Item 1A. | Risk Factors |
In addition to the other information in this Quarterly Report on Form 10-Q, you should carefully consider the risks described in our Annual Report on Form 10-K filed for the year ended December 31, 2010, in Part I, Item 1A, Risk Factors. These factors may materially affect our business, financial condition and operating results and could cause our actual results to differ materially from those stated in forward-looking statements in this Form 10-Q and elsewhere. In addition, in considering the forward-looking statements contained in this Form 10-Q and elsewhere, you should refer to the qualifications and limitations on our forward-looking statements that are described in Forward Looking Statements at the beginning of Part I, Item 2.
Item 2. Unregistered Sales of Equity Securities and Use of Proceeds
Common Share Repurchases
Our Board of Trustees has authorized the repurchase from time to time of up to 35,000,000 of our common shares on the open market or in privately negotiated transactions. During the nine months ended September 30, 2011, we did not repurchase any of our common shares. From the inception of the repurchase program through November 4, 2011, we have repurchased a total of 23,721,916 common shares at an aggregate cost of approximately $679.1 million. Our common share repurchase program does not have an expiration date and there are 11,278,084 common shares that may yet be repurchased under our repurchase program as of September 30, 2011. During the nine months ended September 30, 2011 we did not repurchase any of our common shares outside our publicly announced repurchase program, other than the withholding of shares to satisfy employee tax liabilities upon vesting of restricted share units or the exercise of employee stock options. Future levels of common share repurchases will be dependent upon our available capital, investment alternatives, and the trading price of our common shares.

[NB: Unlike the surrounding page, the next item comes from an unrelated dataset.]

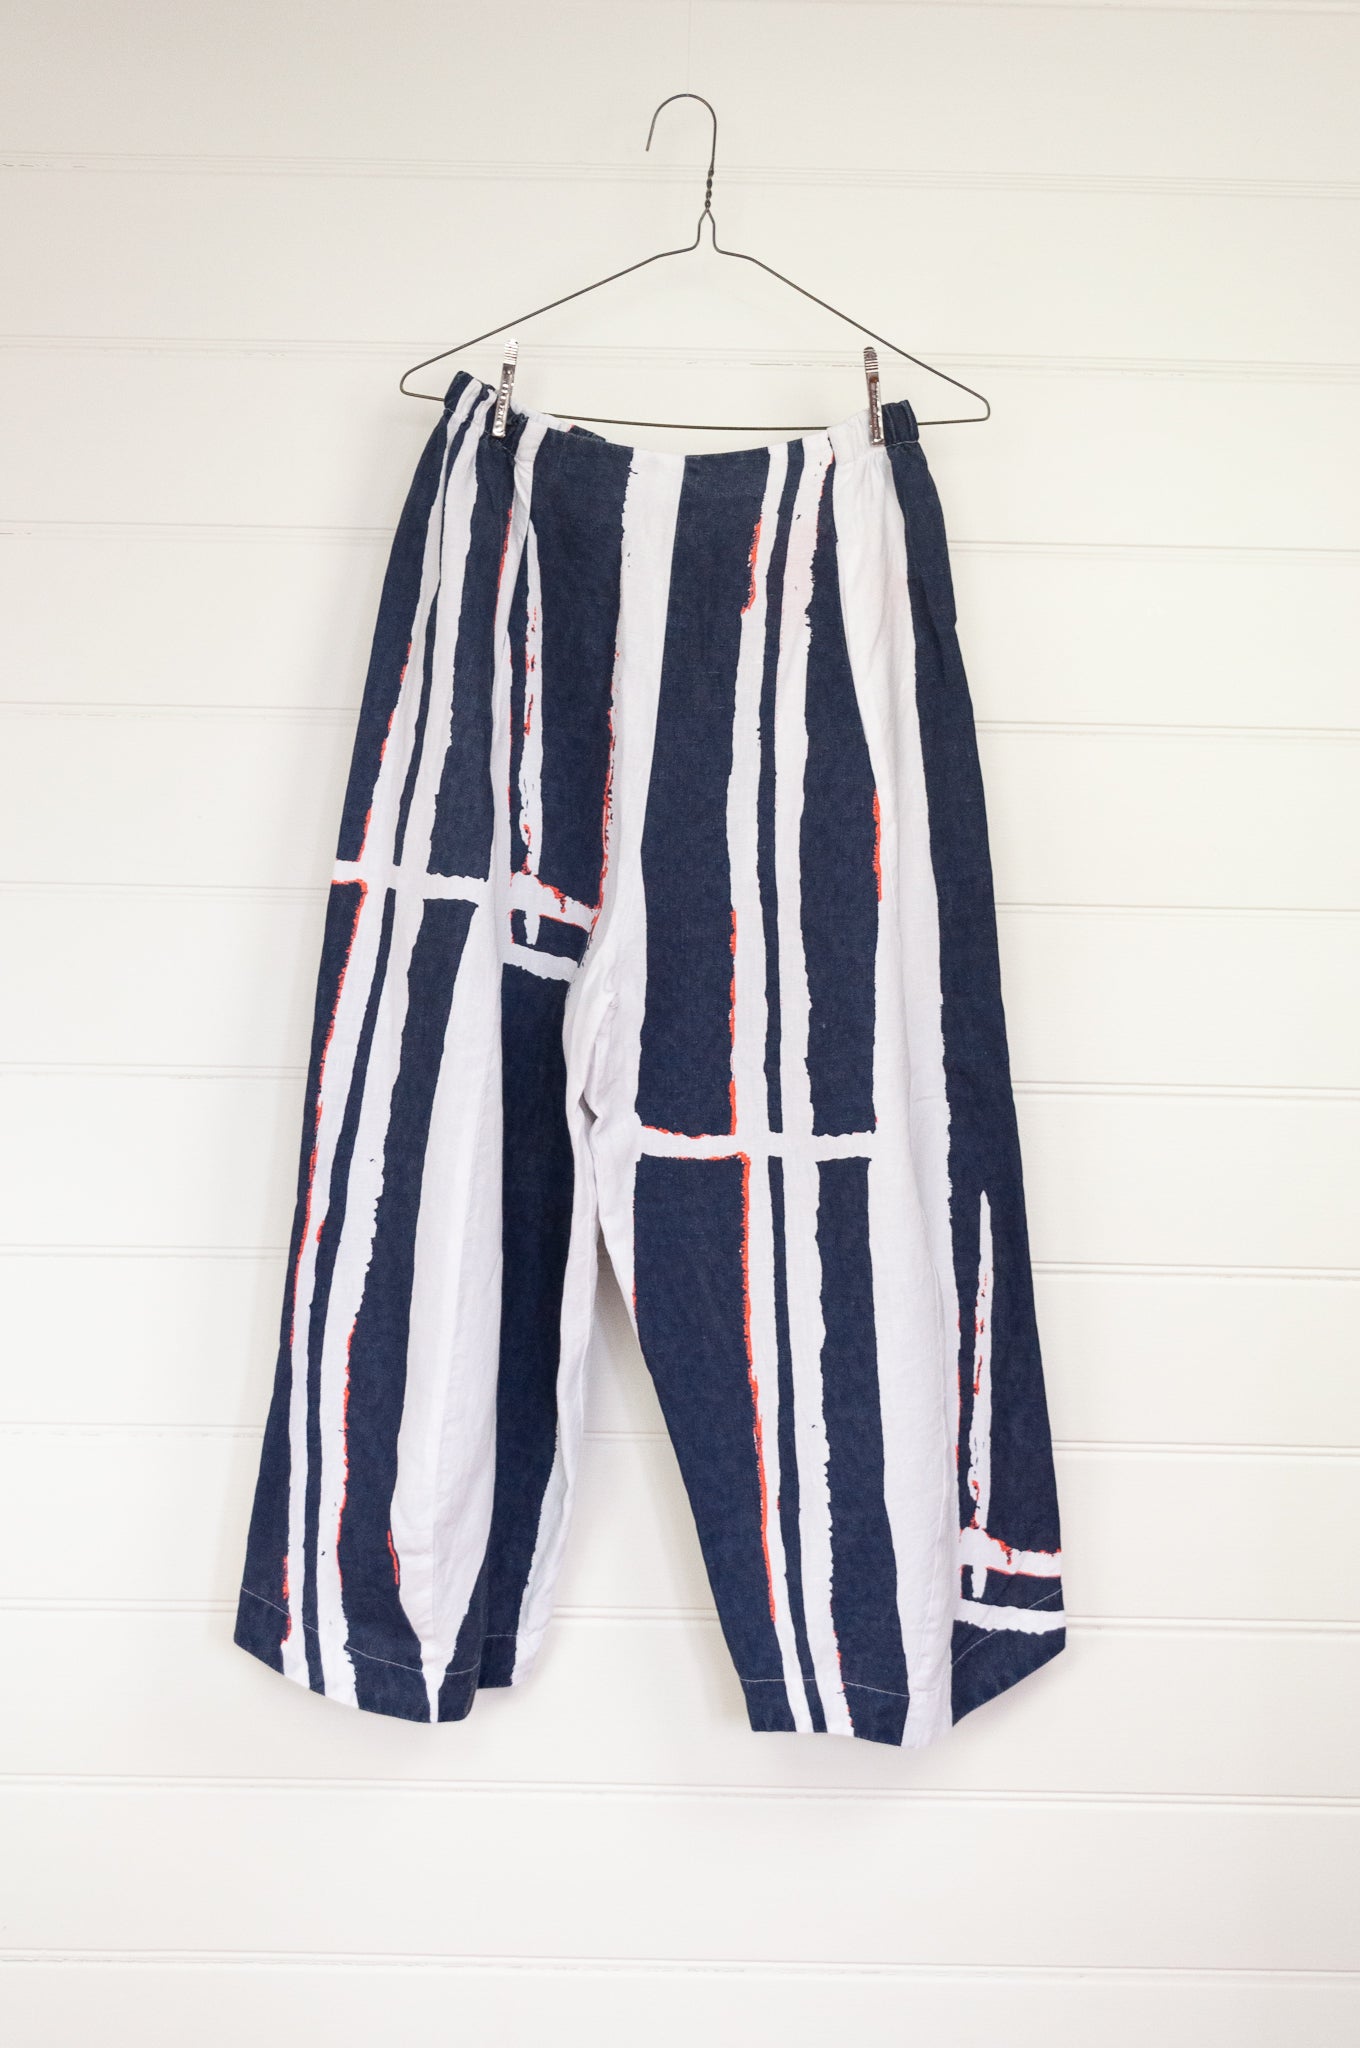 Banana Blue bold stripe blue and white linen pants, with a dash of neon orange.

Preferred Share Redemptions
During August 2011, we redeemed all 16,990,000 of our outstanding Cumulative Preferred Shares, Series K with a liquidation amount of $424.8 million for an aggregate of $429.2 million in cash (inclusive of accrued dividends).
During September 2011, we redeemed all 4,000,000 of our outstanding Cumulative Preferred Shares, Series G with a liquidation amount of $100.0 million for an aggregate of $101.8 million in cash (inclusive of accrued dividends).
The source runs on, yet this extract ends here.